Sveta apartó lentamente el móvil de la oreja.
No porque el grito la hubiera asustado. Después de nueve años de matrimonio, conocía demasiado bien aquel tono. Era el tono que su marido utilizaba cuando algo no salía exactamente como él quería.
Miró a su alrededor.
Estaba sentada junto a la ventana de un pequeño restaurante del centro, con una taza de café delante y una maleta azul a sus pies. Afuera comenzaba a llover. Las gotas resbalaban por el cristal mientras los coches avanzaban lentamente por la avenida.
Por primera vez en muchos años, Sveta no tenía prisa.
—Te estoy preguntando dónde estás —repitió Denis, todavía más irritado—. Mamá llegó hace casi una hora. No hay nada preparado. Ni sopa, ni ensalada, ni siquiera té. ¿Qué se supone que debe comer?
Sveta observó su café.
—No lo sé.
Hubo un silencio.
—¿Cómo que no lo sabes?
—Exactamente eso. No lo sé.
—¡Sveta!
Ella sonrió levemente.
—Denis, tu madre tiene sesenta y dos años. Tú tienes treinta y ocho. Entre los dos seguramente podréis descubrir cómo funciona una cocina.
Esta vez el silencio fue mucho más largo.
Sveta casi pudo imaginar la expresión de su marido.
—¿Qué tonterías estás diciendo? —preguntó finalmente—. Dijiste que hoy saldrías antes del trabajo.
—Sí.
—Entonces vuelve a casa.
—No.
Una sola palabra.
Tranquila.
Sin gritos.
Sin explicaciones.
Pero fue suficiente para que Denis cambiara de tono.
—¿Qué significa “no”?
Sveta miró la maleta junto a sus pies.
—Significa que no voy a volver.
Todo había empezado esa misma mañana.
A las seis y veinte, Sveta estaba preparando café cuando Denis entró en la cocina.
Ni siquiera le dio los buenos días.
Abrió el frigorífico, inspeccionó los estantes y frunció el ceño.
—¿Dónde está el salmón?
—¿Qué salmón?
—Te dije que compraras salmón. Mamá viene hoy.
Sveta dejó la taza sobre la mesa.
—No me dijiste nada.
—Seguro que sí.
—No.
Denis suspiró con fastidio.
—Bueno, pues ahora lo sabes. Compra salmón, patatas, verduras y ese pastel de miel que le gusta. Mamá llegará sobre las seis.
Sveta lo miró fijamente.
—Hoy tengo una reunión importante. Probablemente salga tarde.
—Pues cancélala.
Lo dijo con tanta naturalidad que Sveta tardó unos segundos en responder.
—No puedo cancelar una reunión con el director regional porque tu madre quiere cenar salmón.
—No exageres. Es solo trabajo.
“Solo trabajo.”
Aquellas dos palabras resumían perfectamente los últimos nueve años.
El trabajo de Denis siempre era importante.
El de Sveta era “solo trabajo”.
Cuando Denis tenía una reunión, toda la casa debía guardar silencio.
Cuando Sveta tenía que terminar un informe, él podía invitar a sus amigos a ver fútbol.
Cuando él llegaba cansado, necesitaba descansar.
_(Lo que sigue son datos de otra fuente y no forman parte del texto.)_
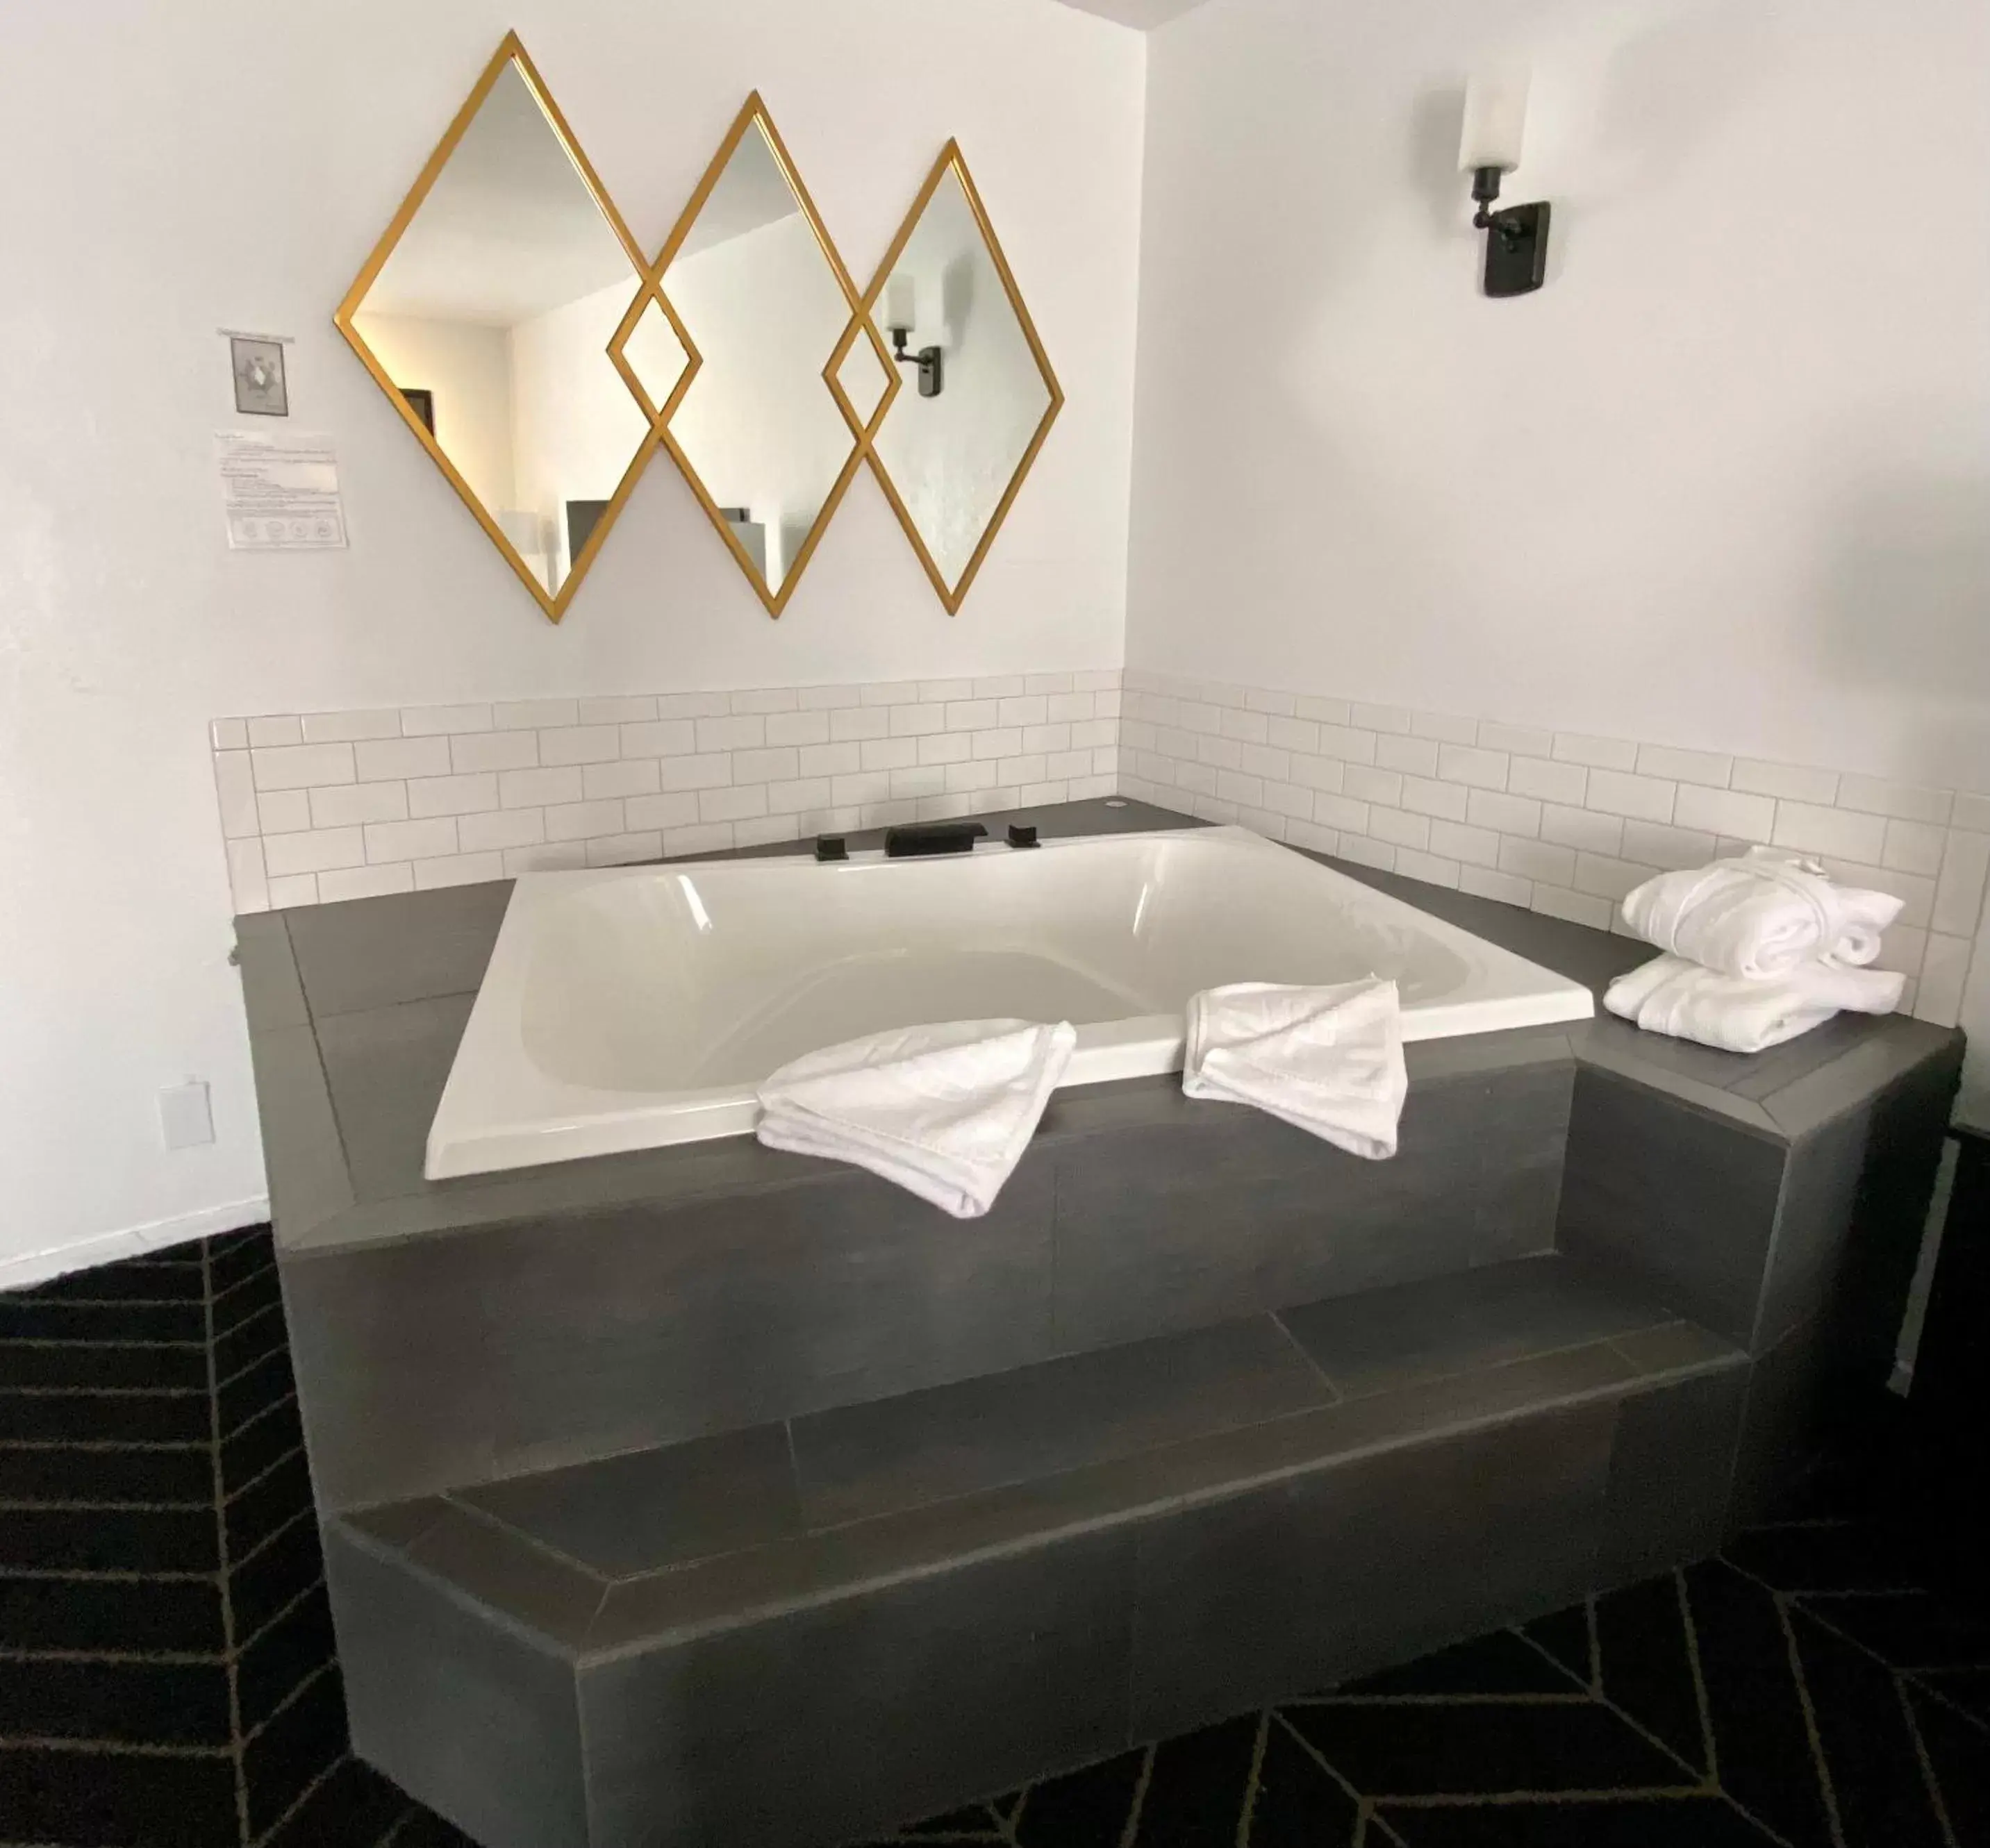 Hot Tub, Bathroom in Masterpiece Hotel

Cuando ella llegaba agotada, siempre había ropa por lavar, comida que preparar y una suegra preguntando por qué las cortinas no estaban suficientemente limpias.
Al principio, Sveta había aceptado muchas cosas porque creía que así funcionaba un matrimonio.
Había que ceder.
Había que ayudar.
Había que cuidar de la familia.
El problema era que solo una persona cedía.
Solo una persona ayudaba.
Y solo una persona cuidaba de todos.
La madre de Denis, Galina Petrovna, vivía a cuarenta minutos de distancia, pero se comportaba como si la casa de su hijo también le perteneciera.
Tenía una llave.
Entraba sin llamar.
Reorganizaba los armarios.
Revisaba el frigorífico.
Criticaba la comida.
Una vez incluso cambió las cortinas del dormitorio porque, según ella, las que había elegido Sveta eran “demasiado baratas”.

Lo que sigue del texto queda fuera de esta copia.